Труворов закачал головою, отчего кисточка на его колпаке замоталась из стороны в сторону:
— Ну, что там любить! Надо, какой там… человека того…
— Истину изволите говорить, Никита Игнатьевич, — подхватил Чаковнин, научившийся уже понимать бессвязную речь Труворова. — Истину чистую изволят они говорить, — обратился он к Гурлову, — суть не в любви теперь, и особая статья; любит она вас или нет — это еще ничего не известно, потому что девичий нрав таков, что забодай его нечистый… а спасти ее надо, как человека, по человечеству, значит, и для этого должны вы о себе забыть и живот свой положить ради ее освобождения.
— Именно, того, живот!.. — подтвердил Труворов с таким видом, точно не Чаковнин, а сам он произнес всю эту речь.
Гурлов поглядел на Александра Ильича, и проблеск надежды мелькнул в глазах его.
— Да, — проговорил он, — спасибо вам, вы хорошо сказали: если умереть, то за нее, не так, не зря, а за нее… Правда ваша… Ну, говорите теперь, что мне делать?..
— Да вы успокойтесь, батюшка, — улыбнулся Чаковнин. — Сию минуту делать еще ничего не приходится; вот подумаем да обсудим, а вы успокойтесь пока, поберегите себя для нее же.

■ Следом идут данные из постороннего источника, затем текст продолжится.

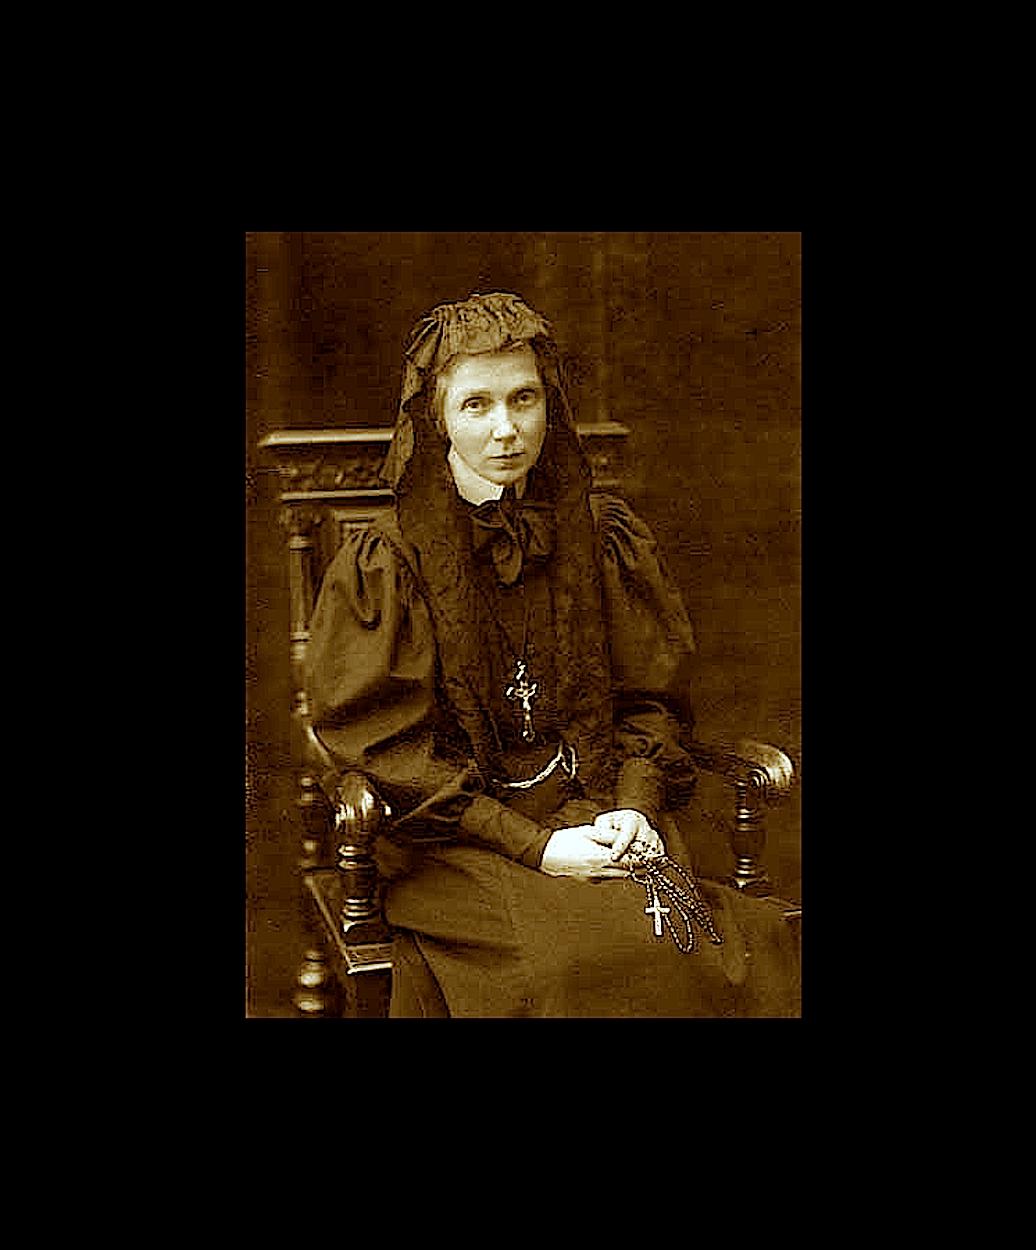 Ursula Leduhovskaya in St. Petersburg

Вот хотите, я кваску налью вам, — и он потянулся к столику у кровати, где стоял графин с квасом.
— Нет, — остановил его Гурлов, — если уж я должен беречь себя, так этот квас пить мне не годится.
Чаковнин внимательно поглядел на него и сказал с расстановкой:
— Эге, я забыл, что вчера мне было предупреждение насчет этого кваса! Я теперь так смекаю, что за него я вас благодарить должен. Это вы мне вчера записку подбросили, теперь понимаю. Так! Значит, я вам жизнью, может быть, обязан, если в этом квасе отрава заключается.
— Отравы нет, — ответил Гурлов, — а только сонные порошки. Вы бы заснули так, что вас сегодня Никита Игнатьевич не добудился бы, а потом пришли бы люди и отнесли бы вас вниз, в погреб. Там вы очнулись бы в беспомощном состоянии.
— Ну, а потом-то как же? Или выхода нет из этого погреба?
— Есть. Только вас там довели бы разными снадобьями до помрачения рассудка и выпустили бы полоумным, а потом жалели бы, что вот, дескать, что приключилось с человеком!..
— Ах он, изверг рода человеческого, — не испуганно, но удивленно проговорил Чаковнин. — Ну, во всяком случае, благодарен вам за предостережение… Теперь я уже в неоплатном долгу пред вами…
— Ну, что там долгу! — запел Труворов, стоявший у окна и глядевший в вырезанное сердцем отверстие в ставне, — какой там… вот там!.. — повторил он, показывая пальцем в парк.
Чаковнин встал и подошел к окну.
— Вот оно что! — проговорил он. — Господин князь действовать начинает…
— Что такое? — и Гурлов кинулся тоже к окну.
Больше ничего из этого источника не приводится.